ダークペダゴジー ― 教師をむしばむ負の指導法(1)ダークペダゴジーとは

東京電機大学助教 山本 宏樹

福井県の中学校で昨年3月に起こった男子中学生の自死事件は社会に衝撃を与えた。事件を調査した第三者委員会は、担任教師が自死した生徒に対して、周囲の生徒が身震いするほどの罵声を浴びせるなどの指導をしていた事実を明らかにした。そうした担任や副担任の長期にわたる「行き過ぎた指導」を自死の原因として認定した。

昨年9月には、大阪府の公立高校に通う女子生徒が、生まれつき茶色の髪を黒く染めるよう何度も強要されたことで精神的苦痛を受けたとして、府を相手に損害賠償請求訴訟を起こした。新聞報道によると、文化祭や修学旅行への参加を認めないなど、4日に1度の頻度で指導を受けたことで女子生徒は過呼吸を起こすようになり、不登校を余儀なくされたという。

最近では、日本大学アメリカンフットボール部の選手が「相手チームの選手をつぶせ」と言う監督とコーチの指示に従い、相手選手に危険なタックルを仕掛けて負傷させた事件が大きな問題になった。

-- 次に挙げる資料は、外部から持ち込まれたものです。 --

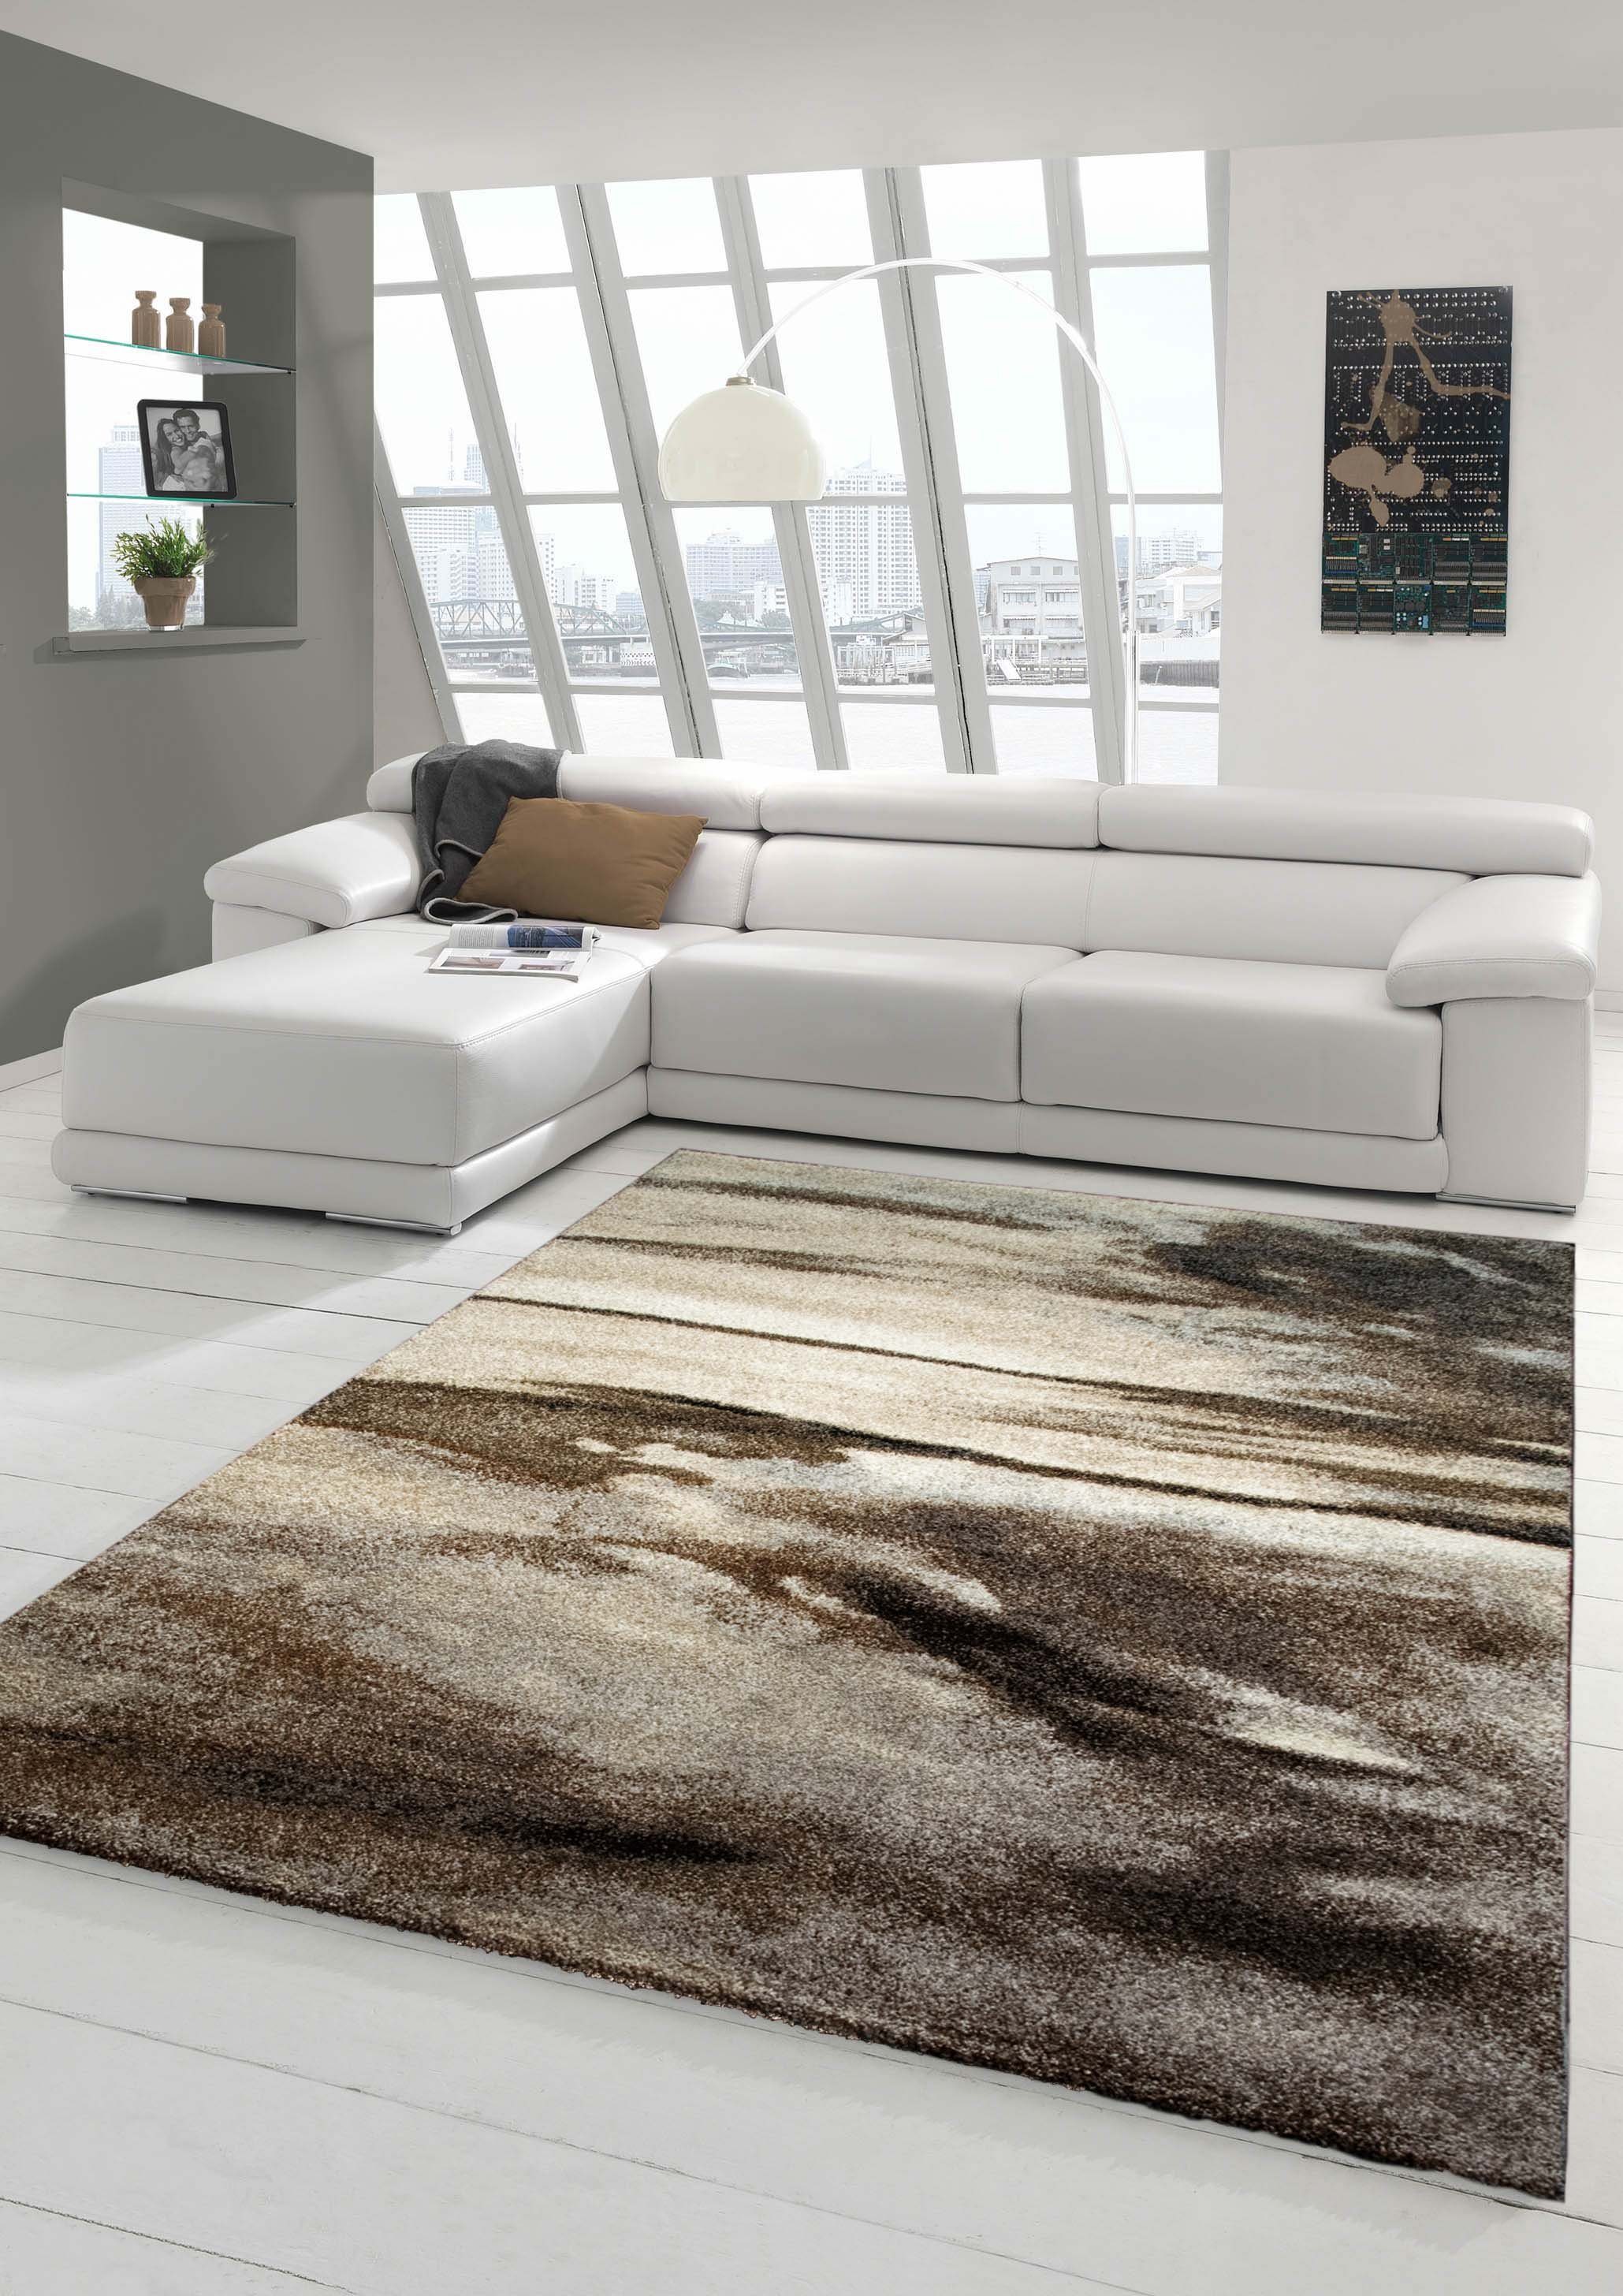 Teppich Designer Teppich Moderner Teppich Wohnzimmer Teppich Kurzflor Teppich Barock Design Meliert in Braun Taupe Grau, Teppich-Traum, rechteckig, Höhe: 18 mm
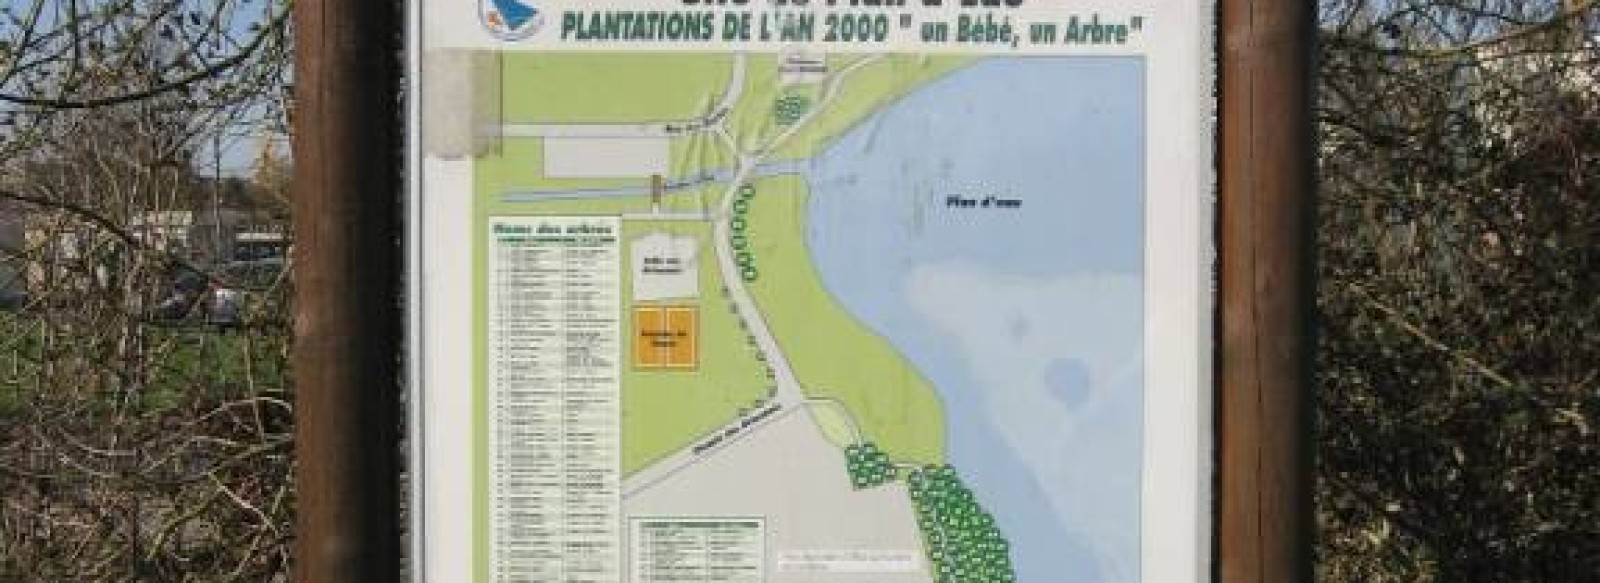 PLANTATIONS LES BEBES DE L'AN 2000

加害選手が謝罪会見で語った内容によれば、当該選手は試合や練習への参加を禁じられたばかりか、日本代表チームへの参加を辞退するよう命じられるなど、選手生命を脅かされる指導を受けたことで精神的に追い詰められ、加害指示を拒否できなかったとのことである。

これらの事件に共通しているのは、不適切な教育目標を達成するために、教師や指導者によって過酷な指導方法が用いられたという点である。この種の問題を考える際の有効な概念として「ダークペダゴジー」が挙げられる。

ダークペダゴジーは、他者の成長や価値観、知識獲得に介入するための後ろ暗い方法論を指すもので、ドイツの評論家K・ルチュキーによって1977年に命名された。具体的には、▽暴力▽強制▽うそ・ごまかし▽賞罰▽欲求充足の禁止▽条件付き愛情▽心理操作▽監視▽無視▽屈辱――などを用いたしつけや指導が当たる。

倫理的問題をはらむダークペダゴジーだが、いたずらに問題化されることへの懸念を抱く読者もいるだろう。教育現場からは強制や管理に頼らざるを得ないという苦悩の声が聞かれる。指導方法の問題性だけに注目が集まることで、教師たちがリスクの高い指導を手控え、子供同士のいじめや非行を放置することにつながるのではないかと危惧を持つ人もいるだろう。「子供には叱られる権利がある」という意見もある。いずれも傾聴すべき意見である。

私たちはダークペダゴジーにどのように向き合えばよいのか。全12回の連載を踏まえ、この問いについて考えたい。